[Dataset extract]

Start of Block

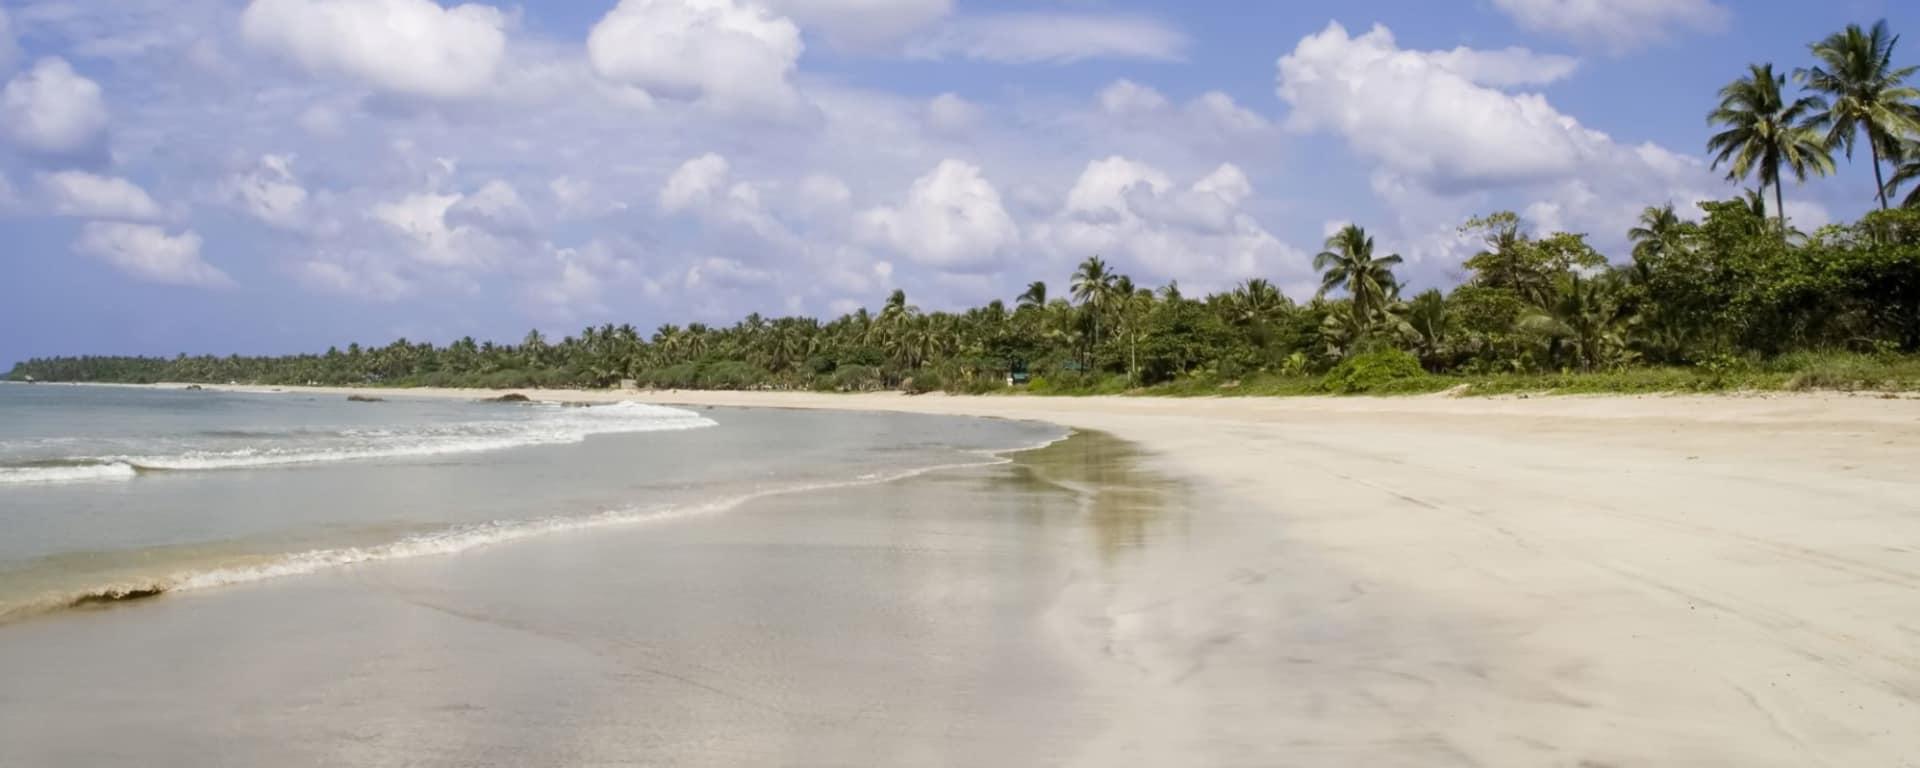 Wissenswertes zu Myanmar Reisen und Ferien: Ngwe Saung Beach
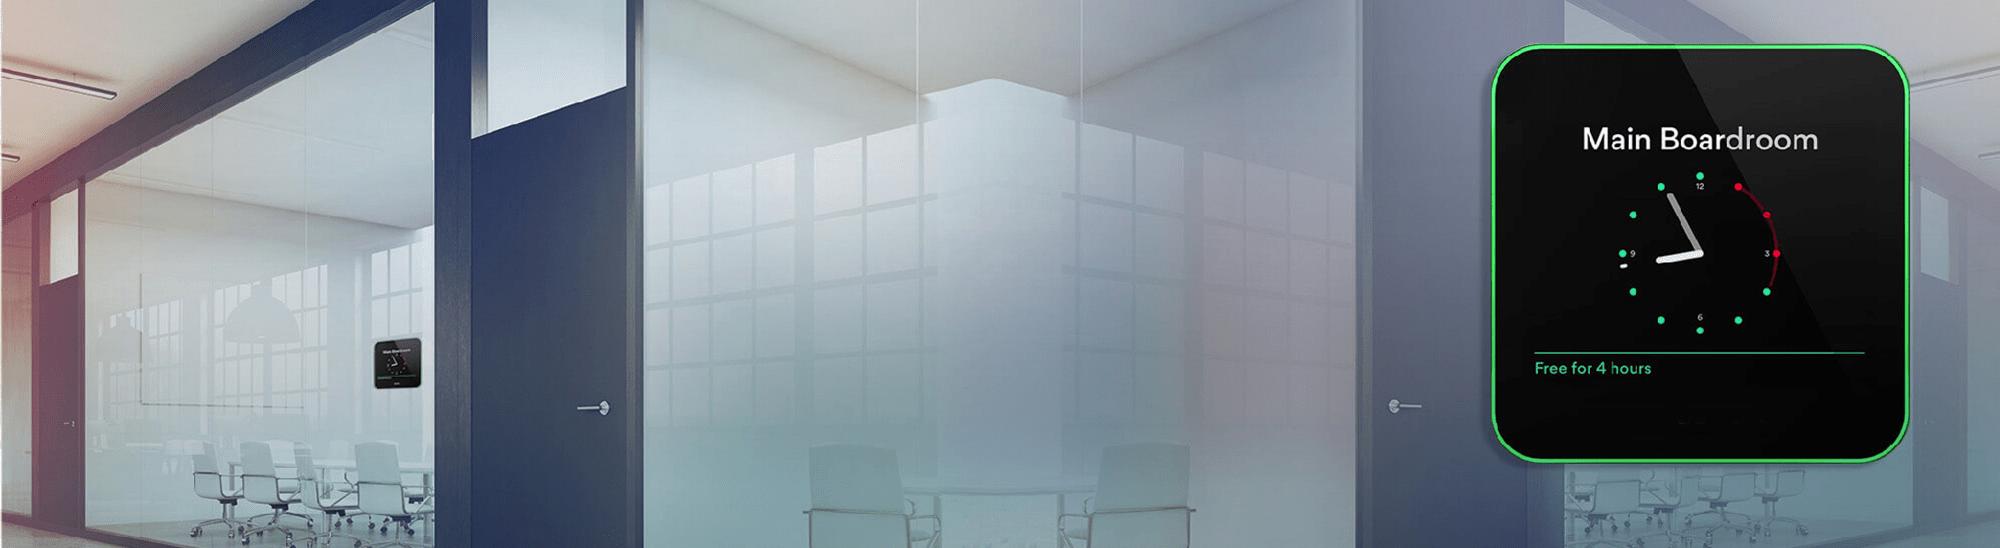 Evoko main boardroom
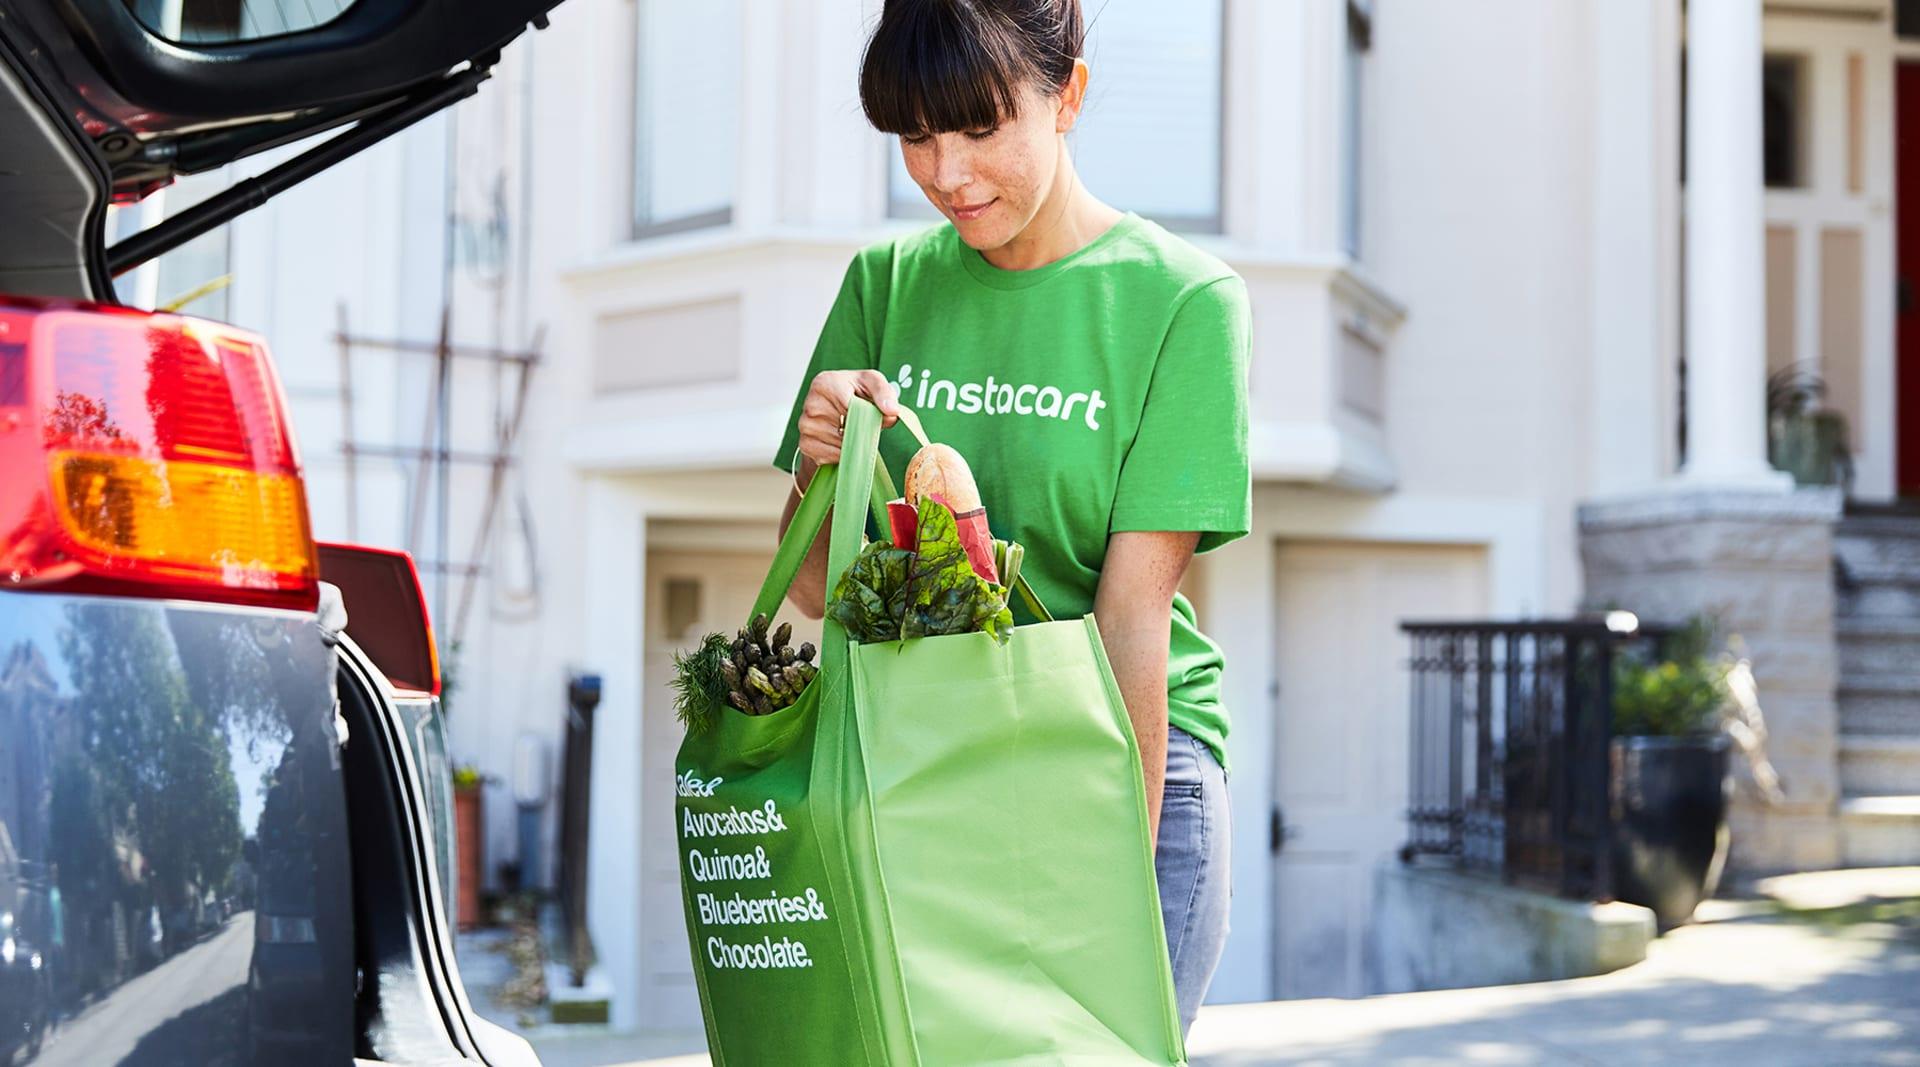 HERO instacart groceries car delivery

End of Block

[Goal of the exercise]
From the material above, output every line exactly as written, dropping any picture.

[Worked solution]
 Wissenswertes zu Myanmar Reisen und Ferien: Ngwe Saung Beach
 Evoko main boardroom
 HERO instacart groceries car delivery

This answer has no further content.